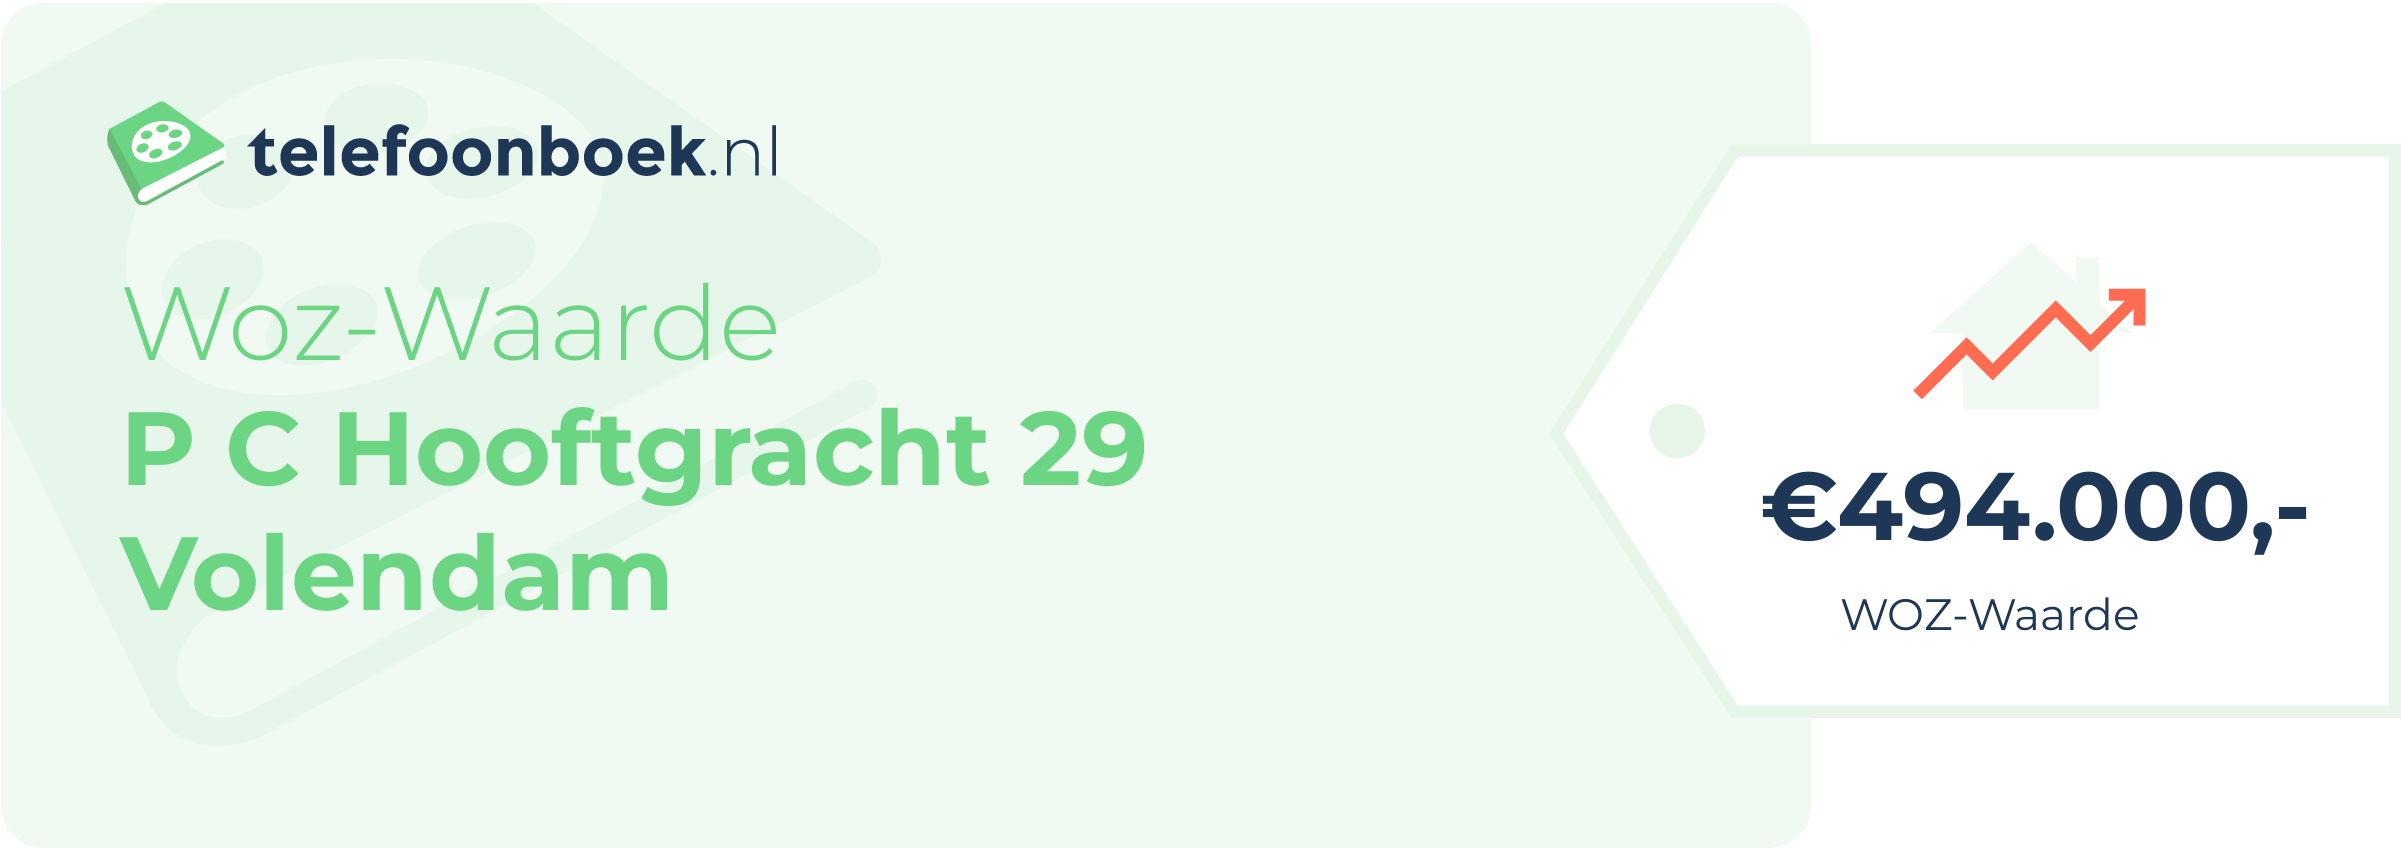 WOZ-waarde P C Hooftgracht 29 Volendam
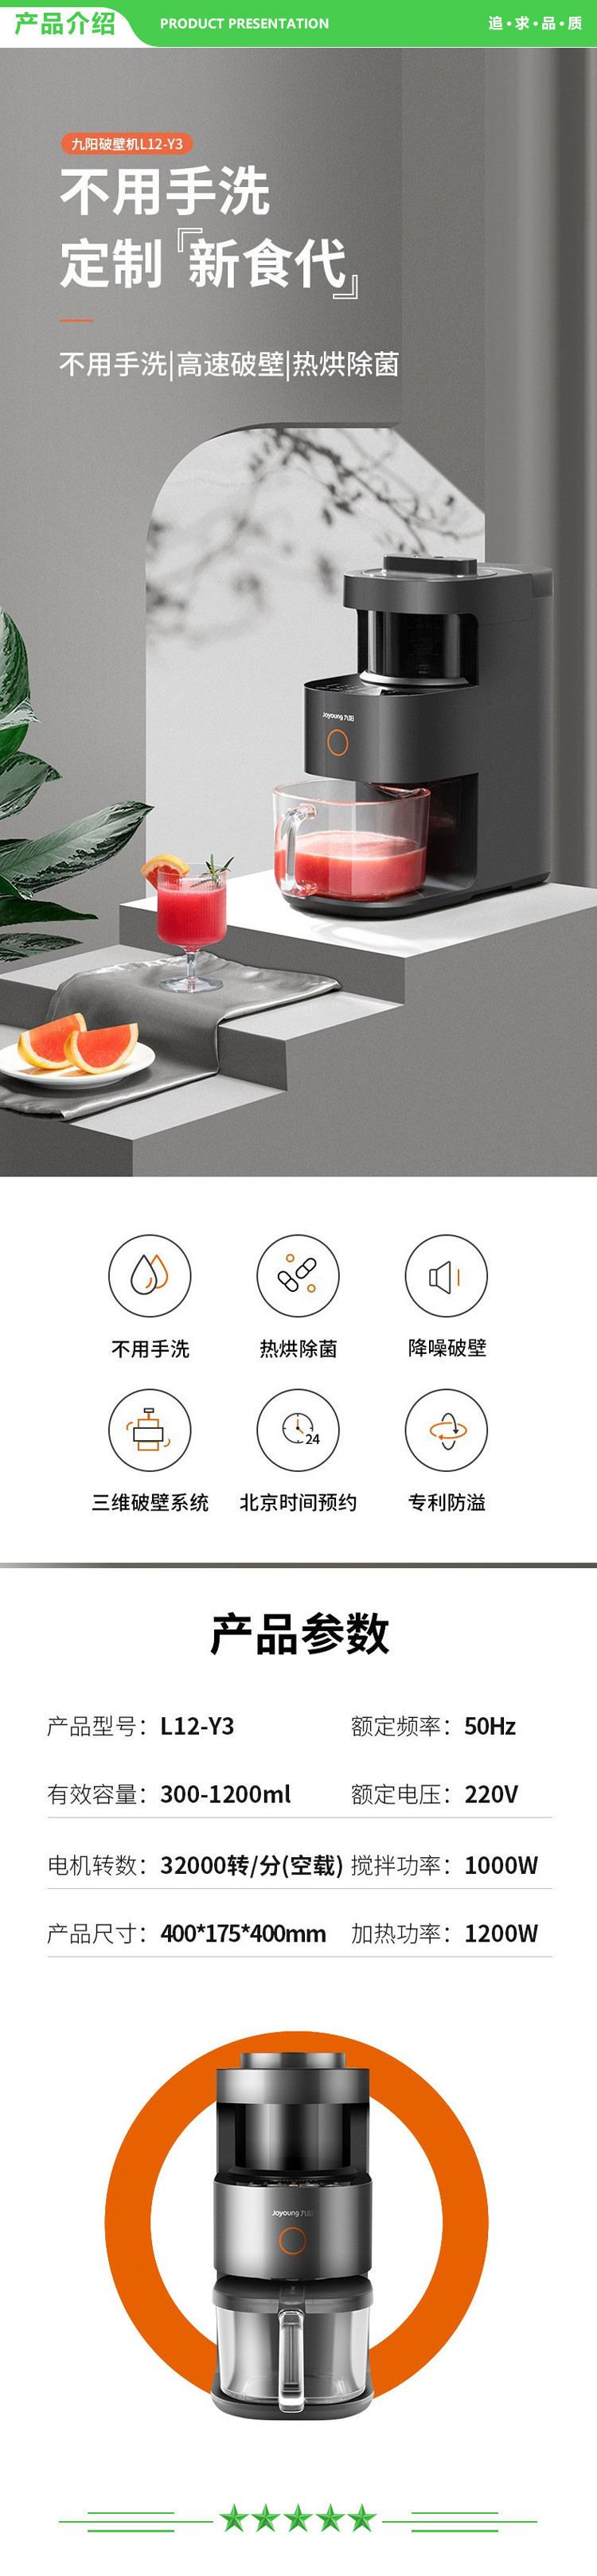 九阳 Joyoung L12-Y3 破壁机 全自动家用料理豆浆磨粉碎冰机预约热烘除菌 1.2L.jpg
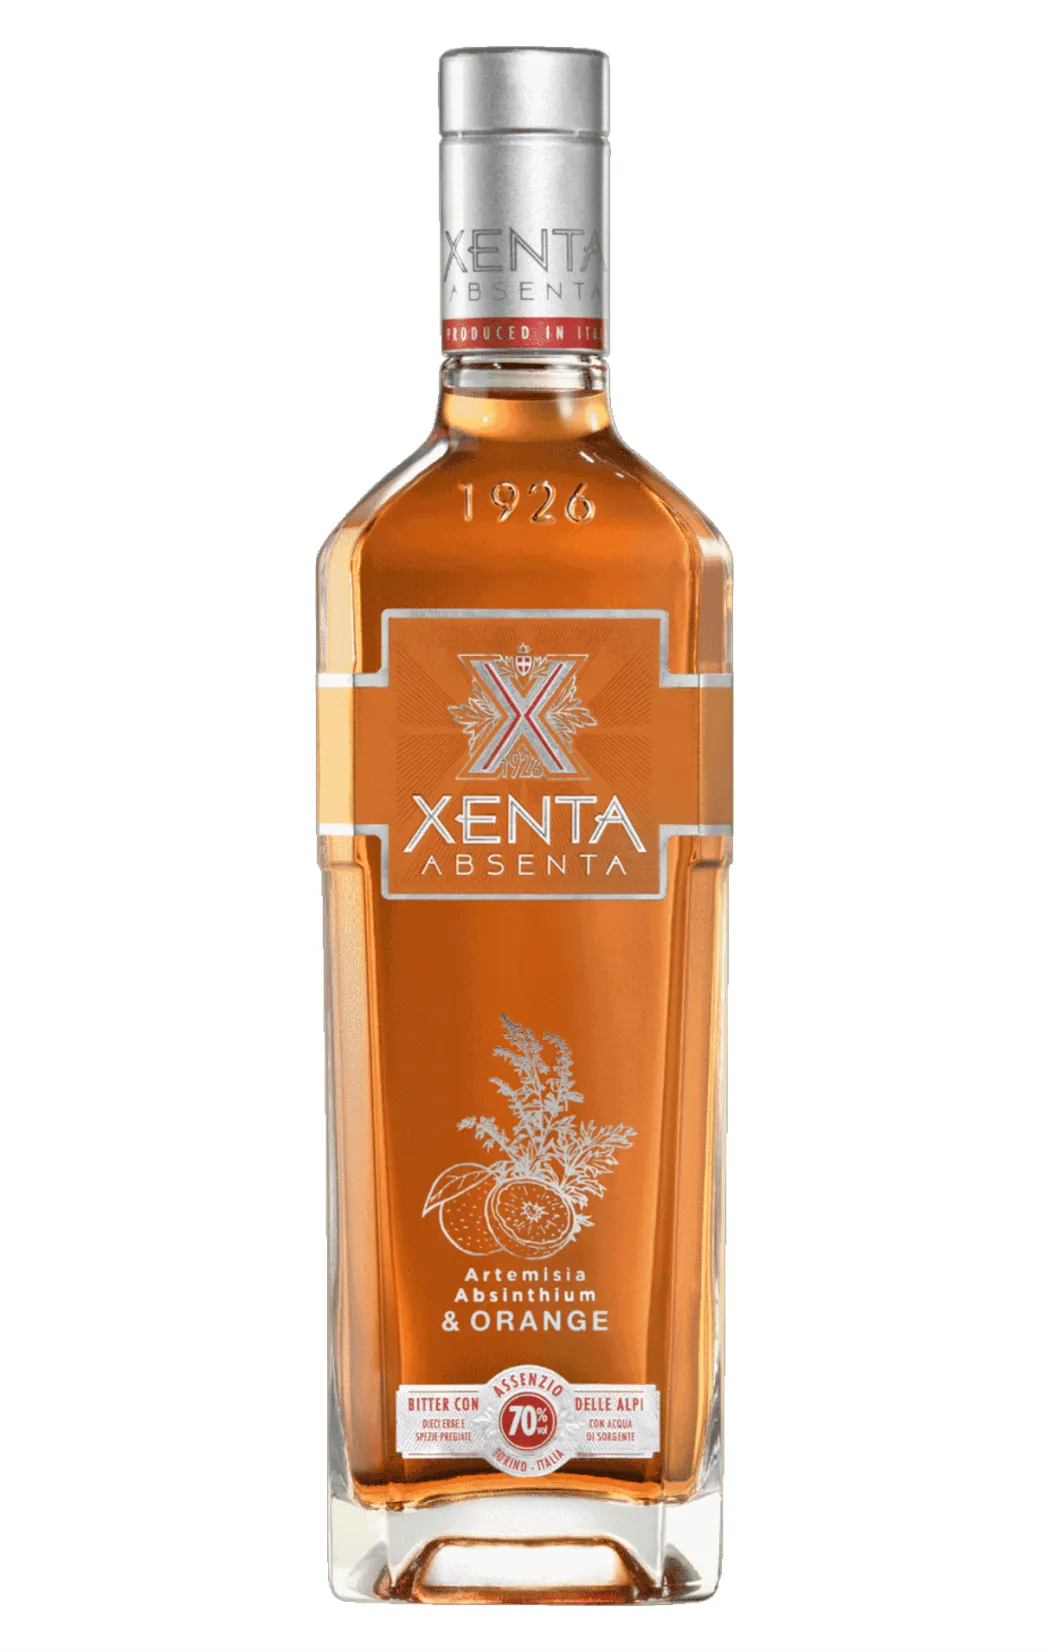 Xenta Absenta Orange

★ ★ ★ ★ ★ ★ ★

Transcribe each line above exactly, pictures excluded.

 WOZ-waarde P C Hooftgracht 29 Volendam
 九阳 Joyoung L12-Y3 破壁机 全自动家用料理豆浆磨粉碎冰机预约热烘除菌 1.2L.jpg
 Xenta Absenta Orange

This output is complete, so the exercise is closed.